THE PROBLEM:
A verbatim copy of all the data is required; the pictures should not appear in it.

INFORMATION PROVIDED:
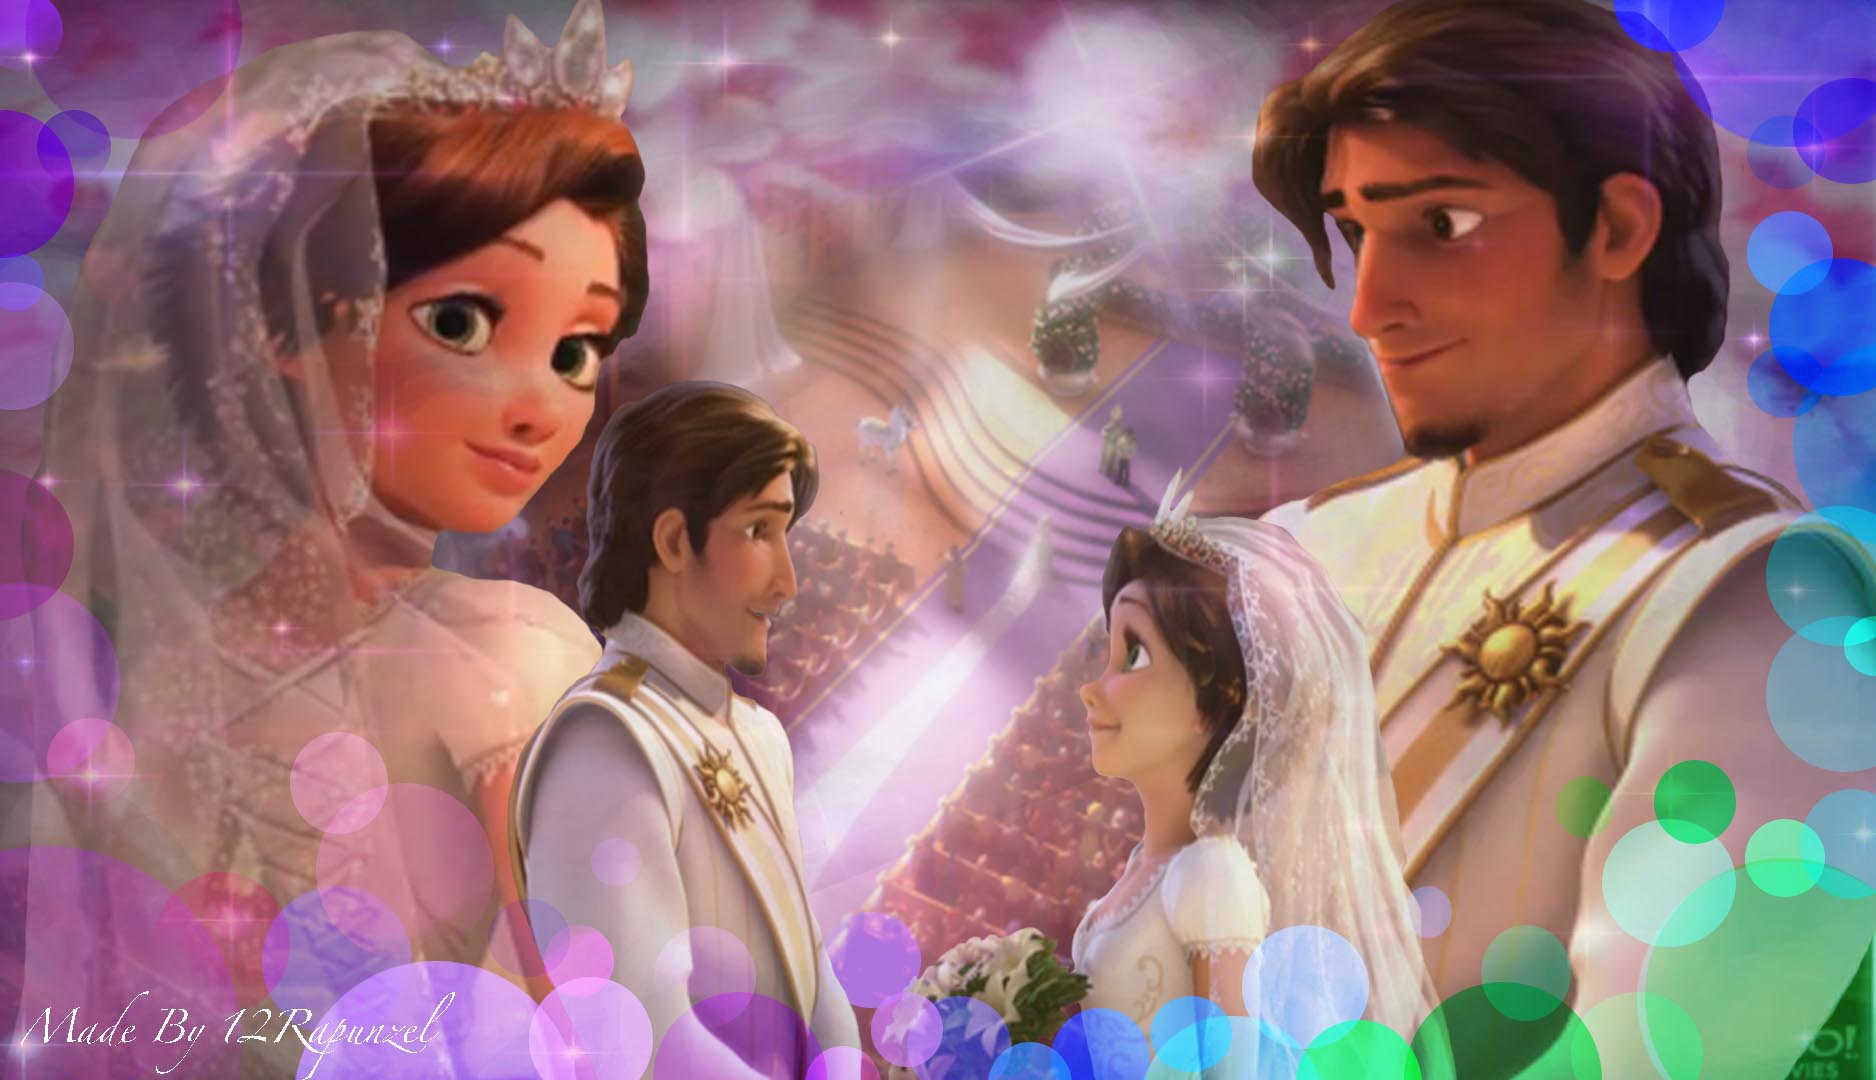 Rapunzel and Flynn wedding
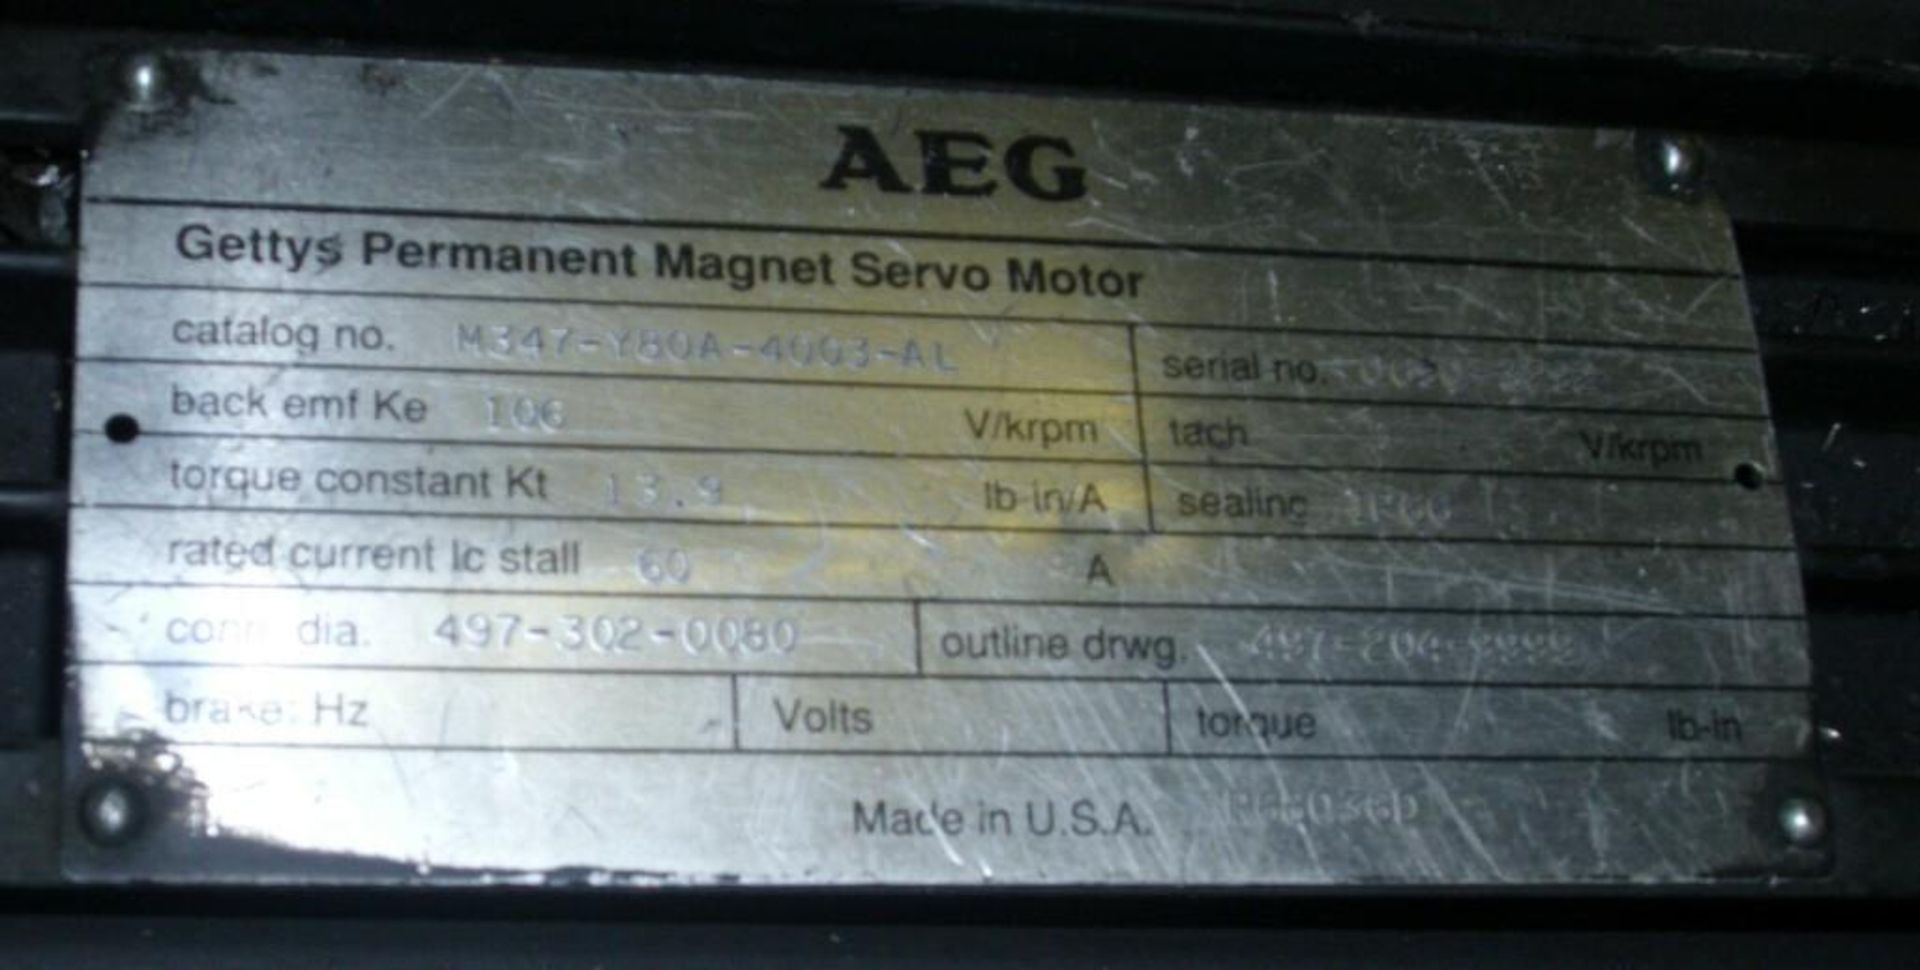 AEG / Getty's # M347-Y80A-4003-AL Permanent Magnet Servo Motor, - Image 4 of 4
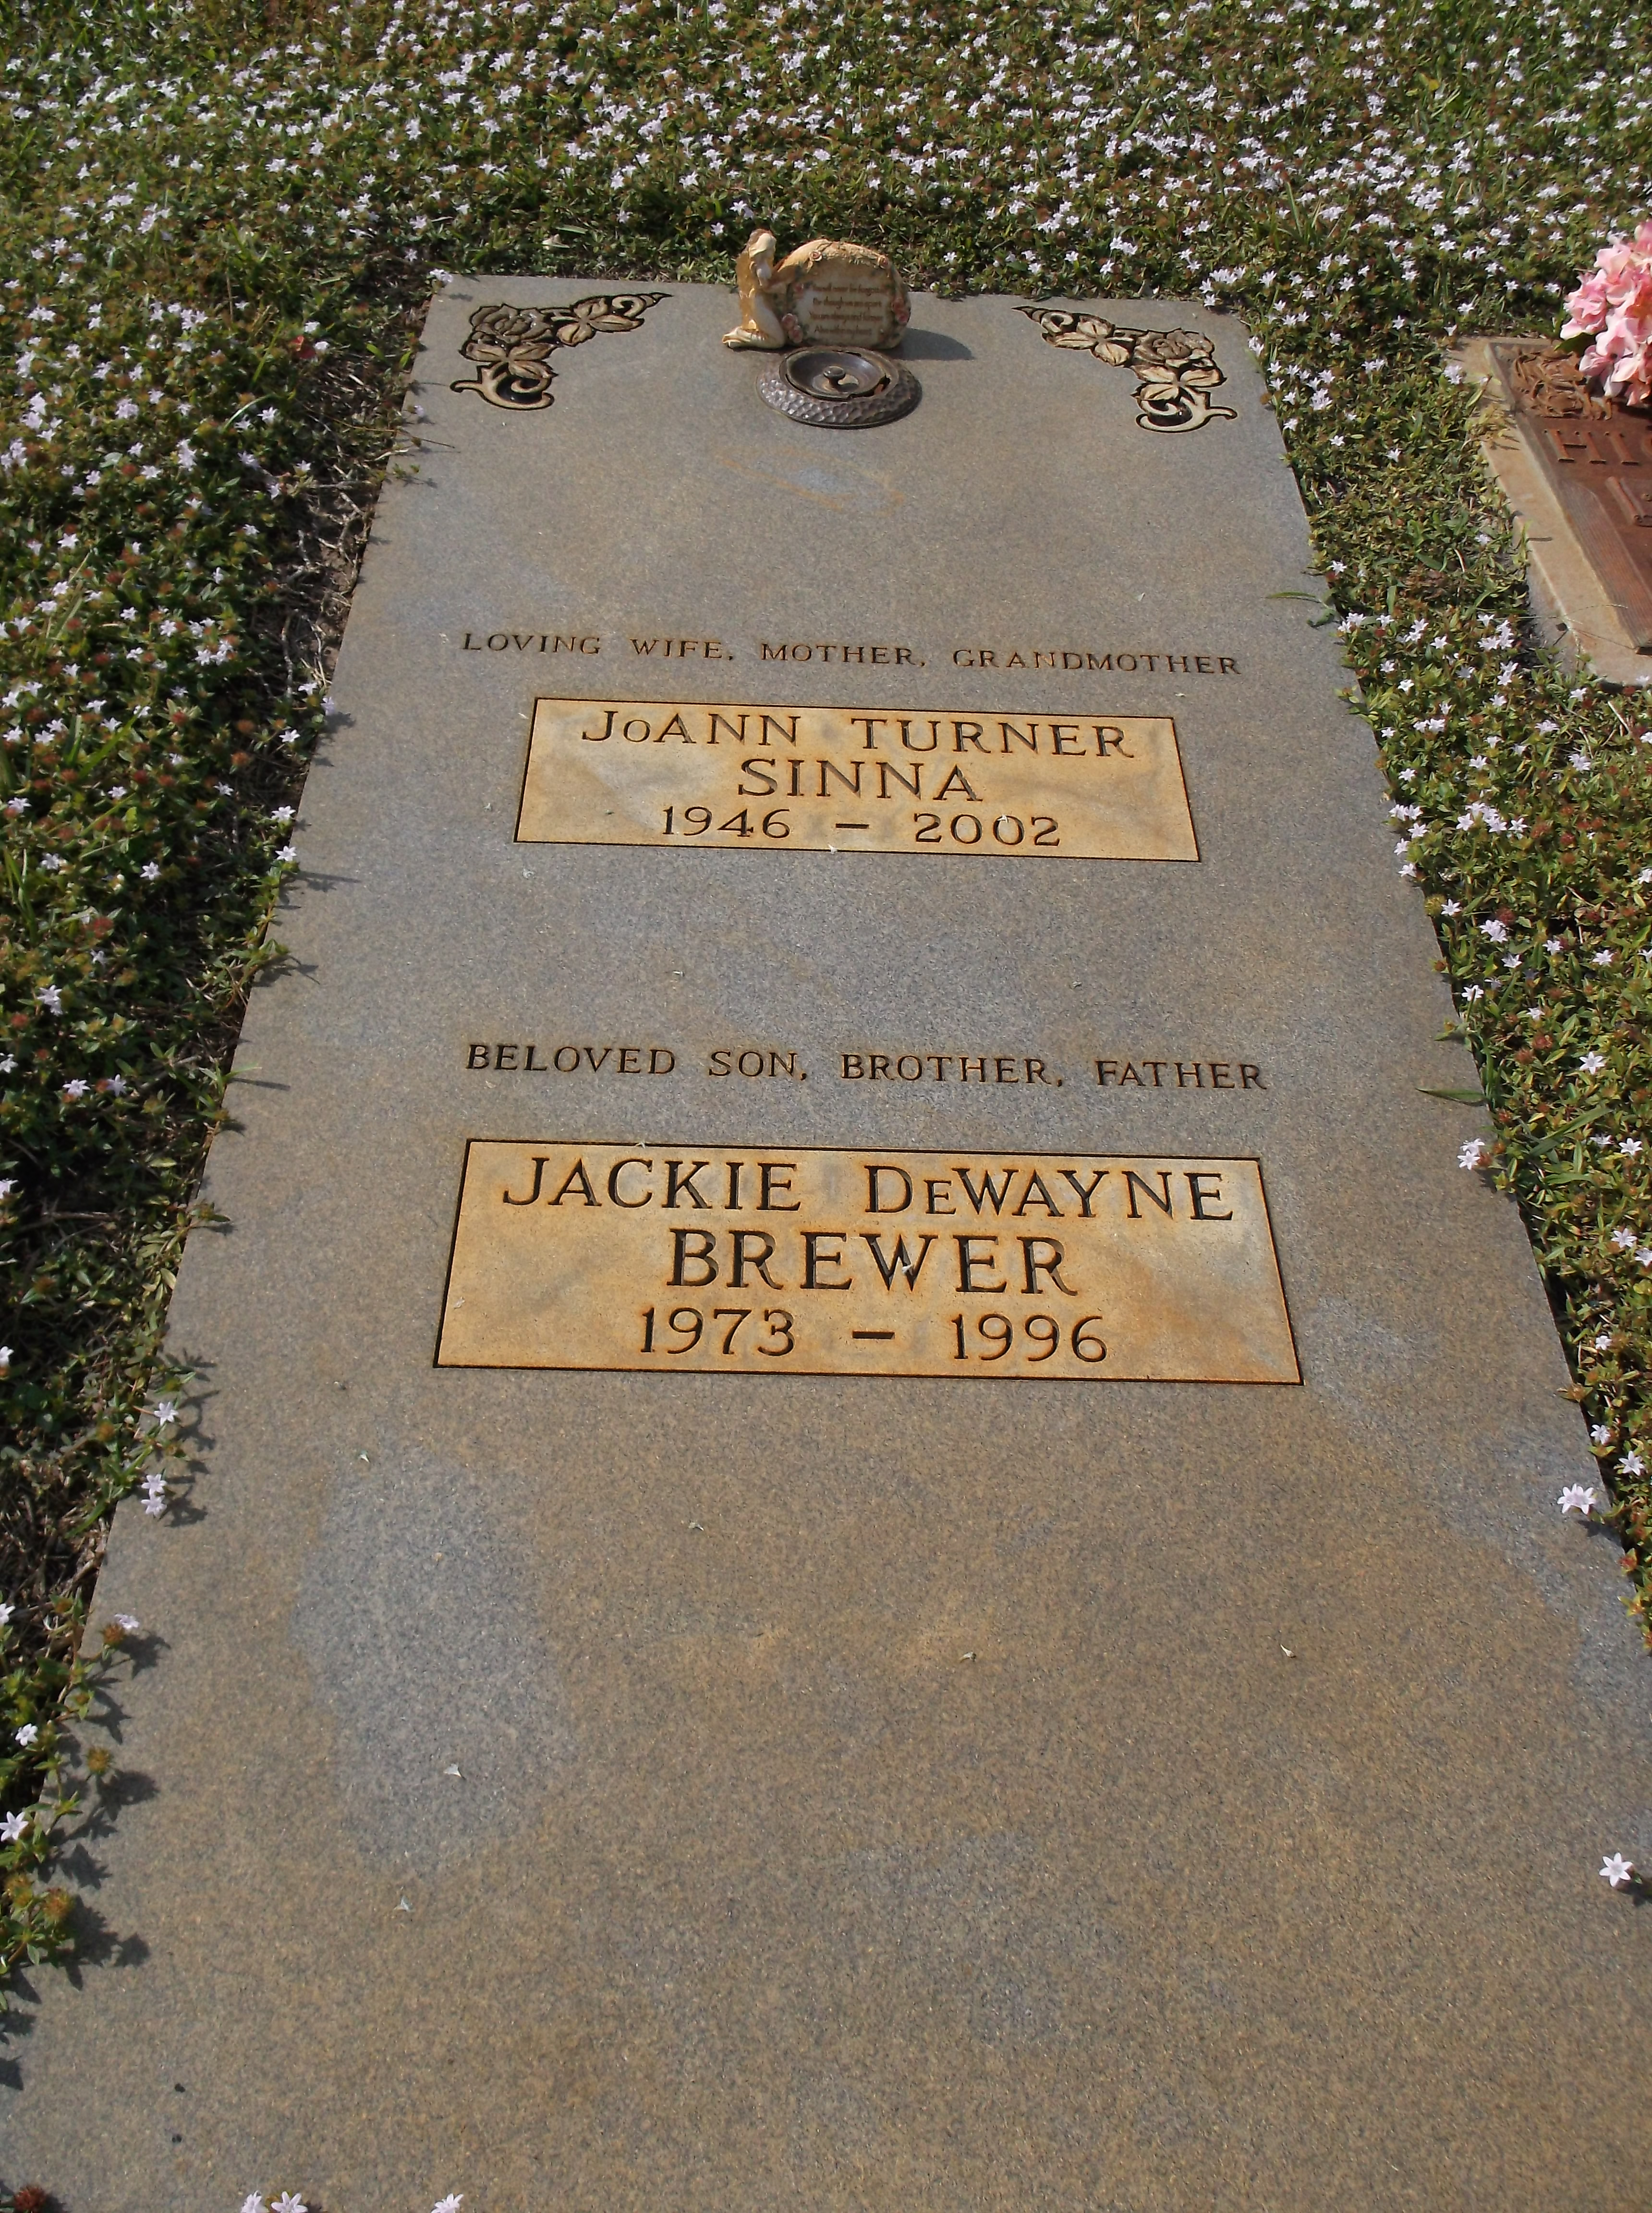 Jackie DeWayne Brewer
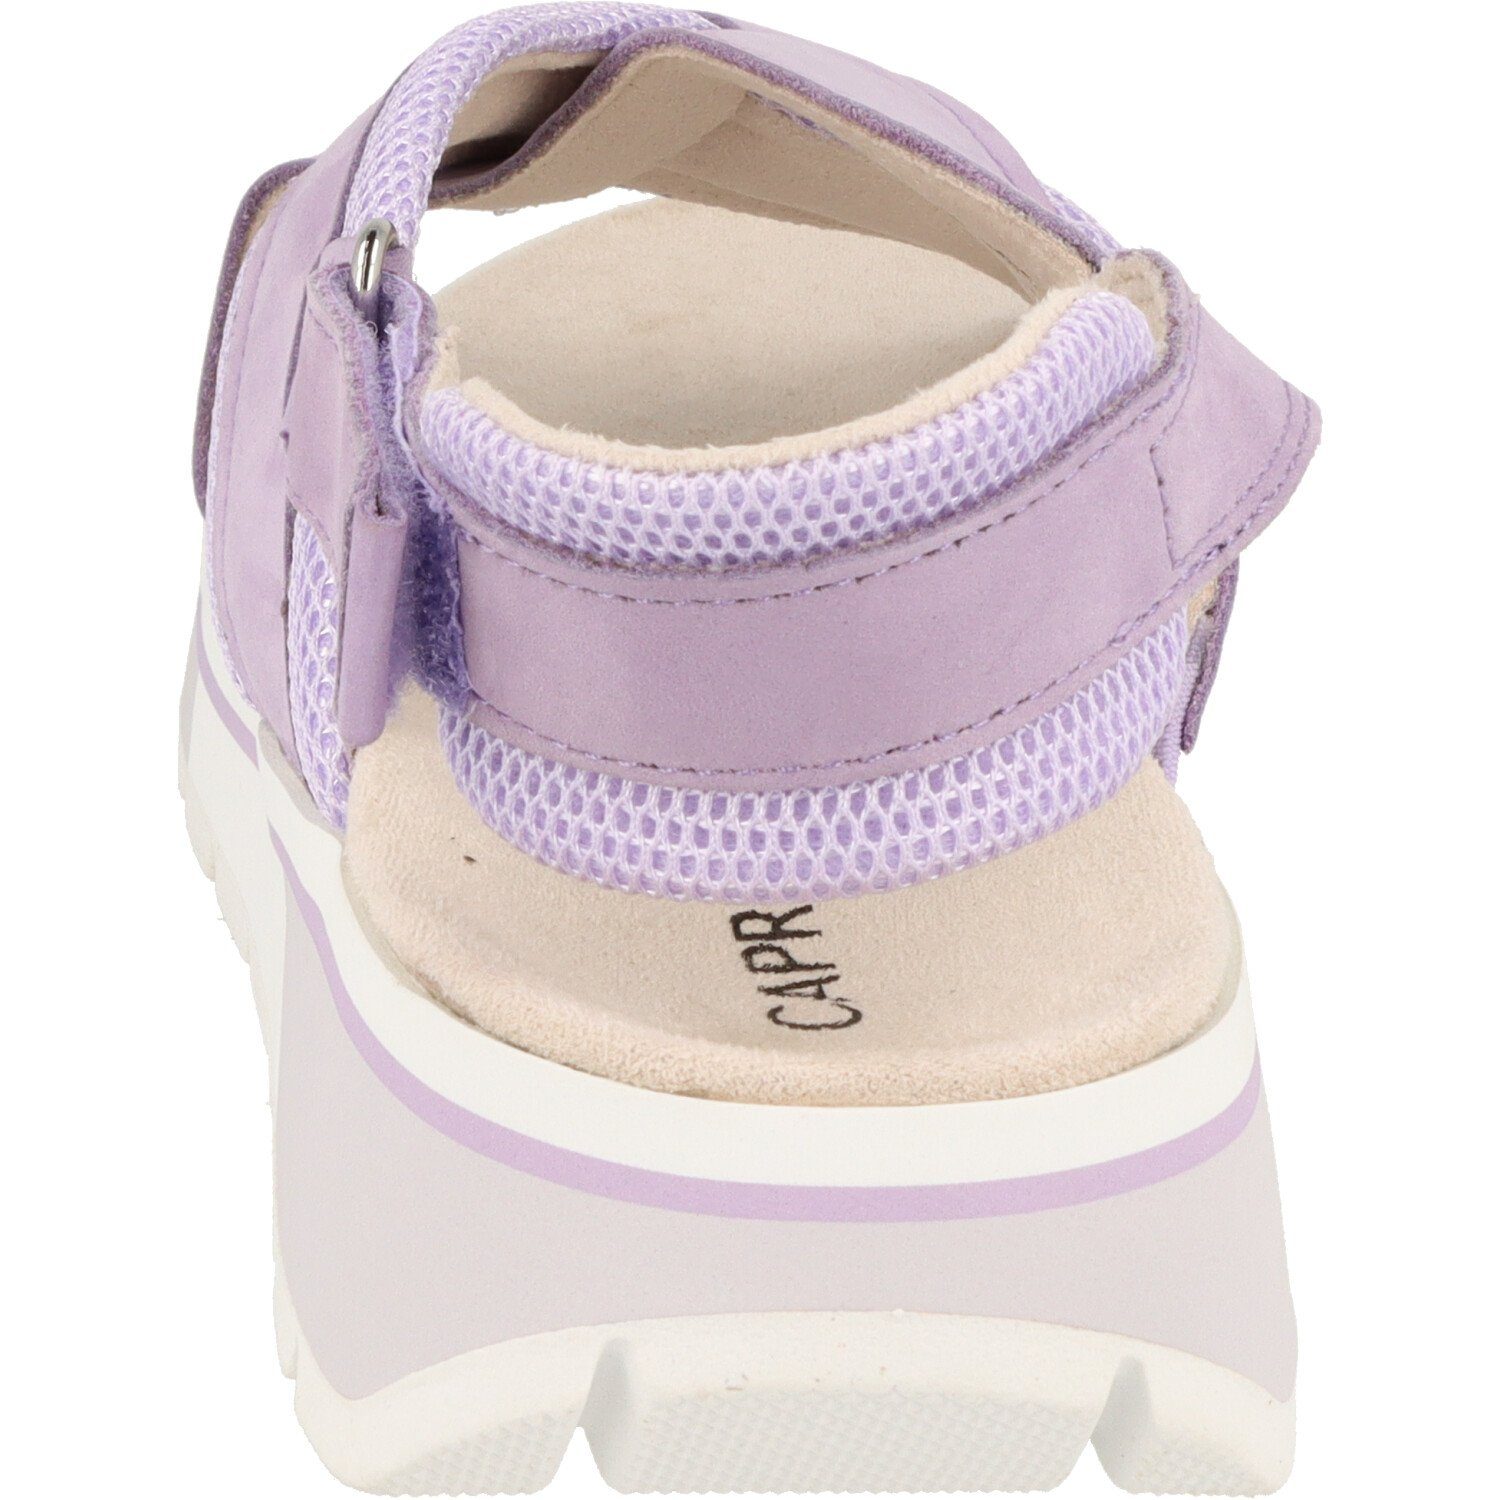 Caprice Damen Schuhe Flache Sandale 9-28704-20 Climotion Klett Purple Sandale

ANSWER BOX:
 Rapunzel and Flynn wedding
 AEG / Getty's # M347-Y80A-4003-AL Permanent Magnet Servo Motor, - Image 4 of 4
 Jackie DeWayne Brewer
 Caprice Damen Schuhe Flache Sandale 9-28704-20 Climotion Klett Purple Sandale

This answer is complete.